The runner pipeline is sequential: the agent executes the task, the runner validates it, the runner captures/records media, the runner writes the result, and optionally pushes up deliverables (e.g. a GitHub PR or an artifact). If the container dies after local changes exist, but before those commits reach the external store (GitHub in this case), the work is gone.
This is not just a hypothetical problem: containers can get stopped by things like timeouts, budget caps, spot instance reclamation, or just plain operator error.
To address this, I added three layers of durability:
- Push on shutdown. If the container receives
SIGTERM, the runner pushes committed work before exiting and writes a partialresult.jsonwithstatus: "interrupted". - Periodic push. During longer runs, the runner pushes every few minutes (or after every milestone) so the worst‑case loss is a small slice of recent work instead of the entire session.

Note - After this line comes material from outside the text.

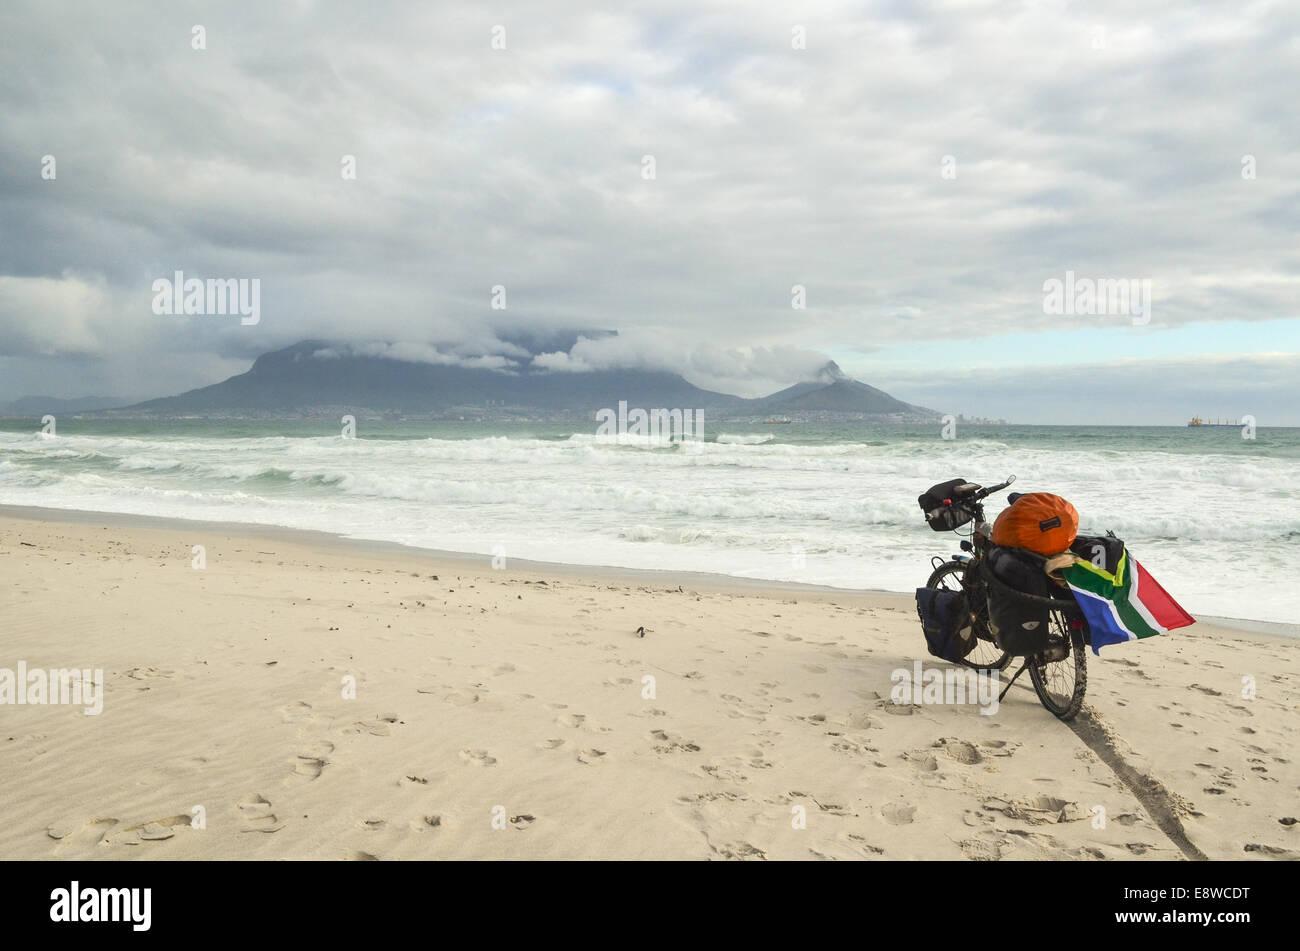 Cicloturismo en África, una bicicleta de touring en la playa en Cape Town, Sudáfrica, con cielos nublados, Imagen De Stock

- Continue mode. If a run dies anyway, a new container can resume from the same branch. The new agent gets a prompt that tells it to inspect the existing branch, read the git history, assess what is already done and continue from there.
sandbox-agent continue \
--project my-saas-app \
--task "Add pagination to the users API endpoint" \
--task-id T-A1B2C3D4 \
--target-branch agent/T-A1B2C3D4-add-paginationContinue mode handles interrupted runs, but the sandbox also supports the rest of the PR lifecycle. Revise mode takes review feedback from an existing PR (from something like Bugbot, Greptile, a human, etc.) and spins up a new container to address it. Rebase mode handles branches that have fallen behind — it fetches the latest base, resolves conflicts and force‑pushes. The pattern is always the same: fresh container, targeted prompt, disposable environment, durable output.

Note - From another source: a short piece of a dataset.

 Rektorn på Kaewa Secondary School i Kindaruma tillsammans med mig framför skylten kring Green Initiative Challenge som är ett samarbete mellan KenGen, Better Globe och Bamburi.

I considered building explicit checkpoints for agent memory and context restoration. I dropped that idea quickly. Internal agent state is not easy to serialize, and even if you could serialize it, you would now own a much harder recovery system. Git already stores the state I actually care about: what changed, in what order, on what branch. Using Git as the durability layer gets most of the value for a fraction of the complexity.
Where it stands now#
There's a lot more that needs to be added to the sandbox, but the core loop is completely functional:
- The first complete end‑to‑end run took about 85 seconds: start the container, fetch resources, execute the task, capture media, push the branch and write the result.

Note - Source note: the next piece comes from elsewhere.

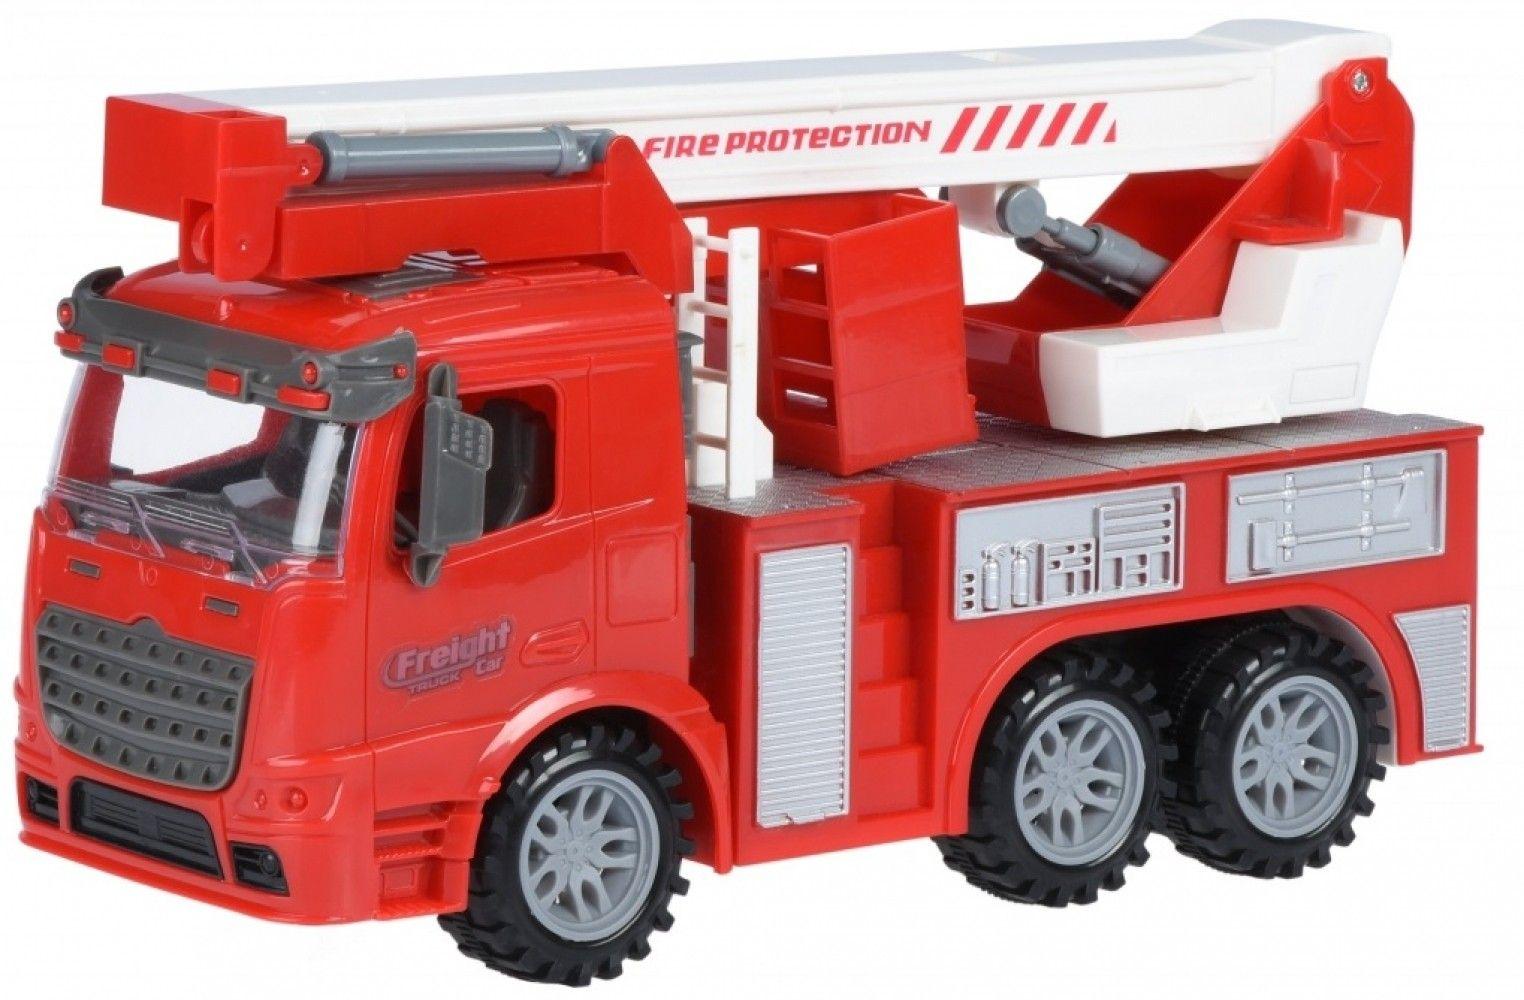 Купить Игрушечные машинки и техника, Машинка Same Toy Truck Пожарная машина с подъемным краном со светом и звуком (98-617AUt)

- Small tasks like adding a utility function or fixing a type error finish in roughly 7 – 12 seconds.
- The agent can open a browser mid‑session to verify UI changes, not just after the fact.
- Interrupted runs resume on the same branch without redoing completed work. Review feedback and stale branches each have dedicated modes that follow the same container‑per‑task pattern.
There is still plenty missing. I do not have cost or token tracking yet, and orchestration across multiple concurrent sandboxes is still ahead of me.
But the part I cared about most is now real: task in, result out, with isolation by default and a recovery story when the container dies.
What I would build next#
The immediate next step is observability: where time goes, where money goes, and which parts of the loop fail most often. Right now I know whether a run succeeded, but not much about why a run was slow or expensive.
After that comes orchestration — running multiple sandboxes concurrently, dispatching work from a queue, and automatically retrying interrupted runs. The container is already stateless enough for this. The missing piece is the coordinator that manages the fleet.
The bigger takeaway is that the agent is the easy part. The hard part is giving it somewhere to work — an environment that is isolated enough to be safe, durable enough to survive failure, and transparent enough that a human can review what happened. That is the bar I care about. The sandbox is my attempt to clear it.